It was only last year that the use of silicon for solar cells outdistanced – or perhaps “outarea-d” – that for semiconductors. Whichever way you look at it, that’s remarkable: chips are tiny, even though they’re made by the thousand, while solar panels are large objects, intended to cover a roof rather than fill a little gap in a motherboard.
Yet it’s taken this long – despite solar panel use growing at 40% annually over the past decade – to get to the stage where we are starting to make more silicon to generate energy than to use it up. Sometimes, you have to wonder at our priorities as a species. But you can have so much more fun with a computer than with a solar panel. At least until the power runs out. Then you want both.
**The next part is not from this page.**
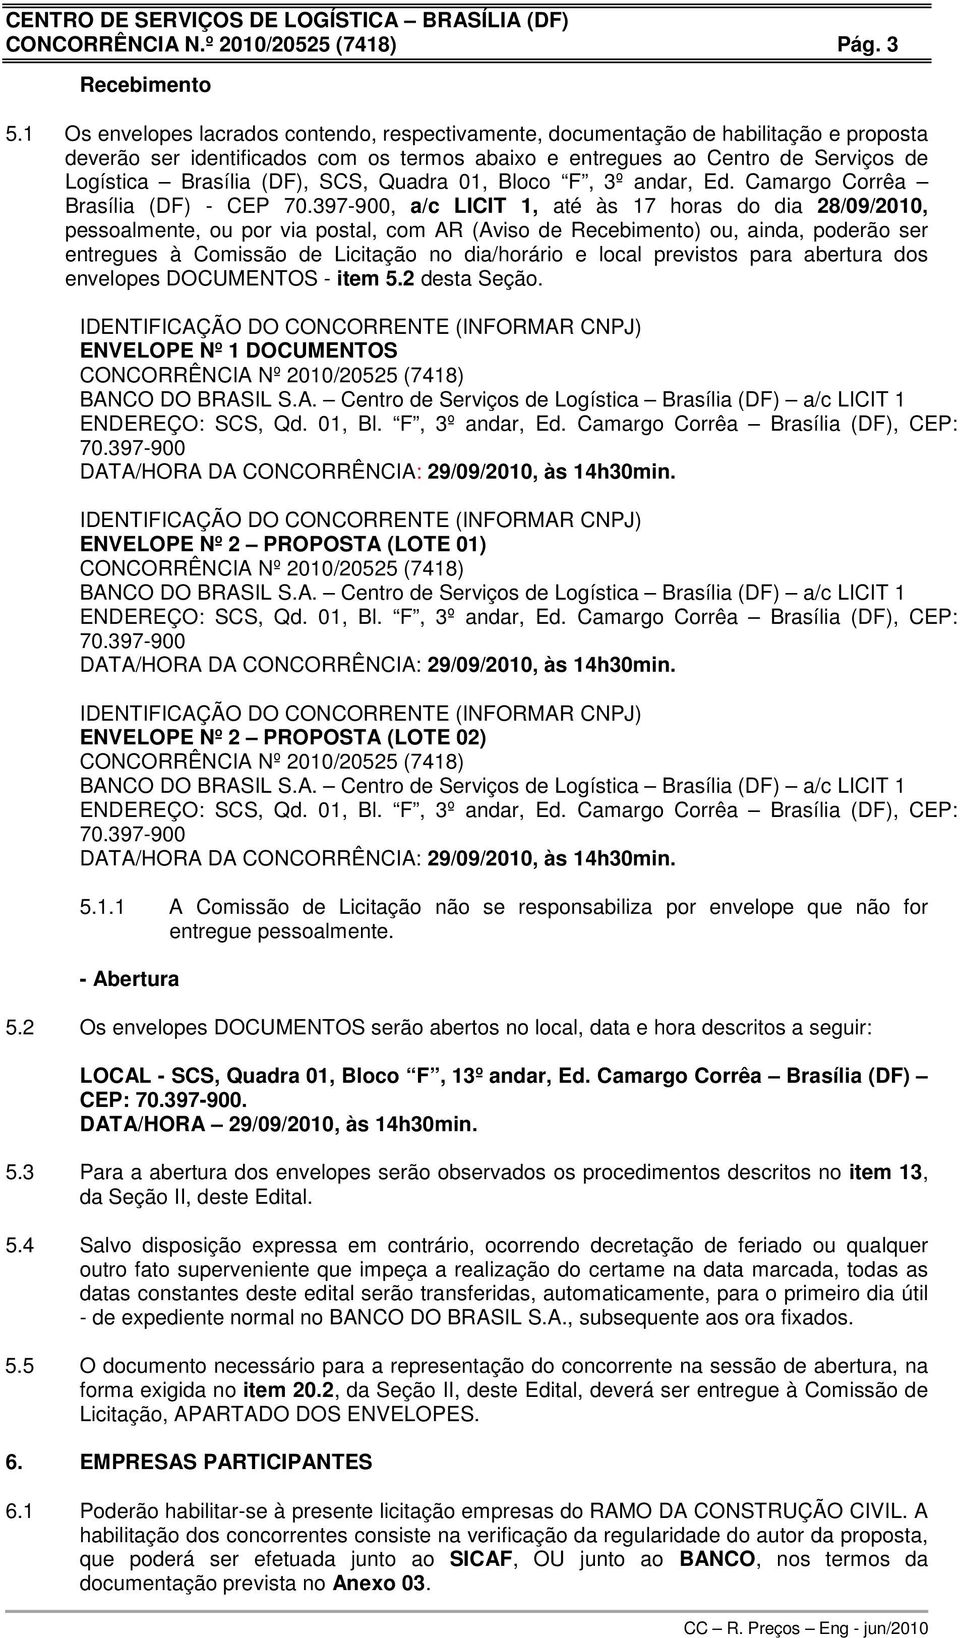 SCS, Quadra 01, Bloco F, 3º andar, Ed. Camargo Corrêa Brasília (DF) - CEP 70.

If you listen hard enough, you can hear the signs of what we could call “energy stress” all around. Oil prices aren’t coming down. Power suppliers keep hiking their fuel prices, sighing along with their customers (yet somehow increasing profits). And, mirabile dictu, the Sun newspaper this week came out in favour of being green, saying: “Too many of us have spent too long in denial over the threat from global warming. The evidence is now irresistible …” And there you were thinking that red-top newspapers had green colour blindness.
So solar is beginning to look increasingly attractive, because – unlike nuclear power – you can getyour own, and as Ashley Seager showed in this paper on Monday (Soaring energy costs make solar power a bright idea, September 11), make an economic return on capital.
Thus amid all the gloom, there are smiles on the faces of people who work in the industry, such as Charles Gay, a 30-year veteran of the solar business. He’s general manager of the solar panel business at the wonderfully-named Applied Materials (a moniker so generic it sounds like James Bond’s front company). He’s full of optimism about the future of his sector: “The big companies take this seriously – it’s a genuine growth area.” The OPEC oil embargo of 1973 kickstarted the business, and since then it’s gone up and down, but right now is on the up: Japan and China are big users, and following another summer in which California’s power business sunk to its knees as everyone turned on the air conditioners, Arnold Schwarzenegger (turning out to be the ideal politician, more interested in pragmatism than party politics) has initiated a scheme to put 3kW of photovoltaic capacity on 1m Californian rooves – to generate as much electricity as three power plants – in the next 10 years.
But panel costs still remaintoo high for us to rush out for them. Yet what’s the bottleneck? A tug-of-war between chip plants and solar panel makers? Not precisely, explains Gay. The problem is supply; but unlike chip manufacturing, where prices wax and wane as new generations of chip foundry come along, we can’t make enough silicon to meet demand. “Purifying silicon is like building a petroleum cracking plant,” says Gay. “It takes two or three years.”
And while the pub bore will tell you that silicon is the second most plentiful element in the Earth’s crust, the problem is wrestling it from the grip of the oxygen it’s bound to. Just as with aluminium (which has to be electrolysed from bauxite), the principal cost of silicon’s manufacture is electricity.
Thus the world’s biggest silicon manufacturing plants are in Scandinavia and China, where hydroelectric power is plentiful. (China is a big fan of solar power too.) I like the circularity: renewable energy being used to create the raw material for another renewable energy source. Yes, dams create problems of their own, and silicon is toxic. But if it’s a choice between that and pushing a plough, I’ll take the first one every time.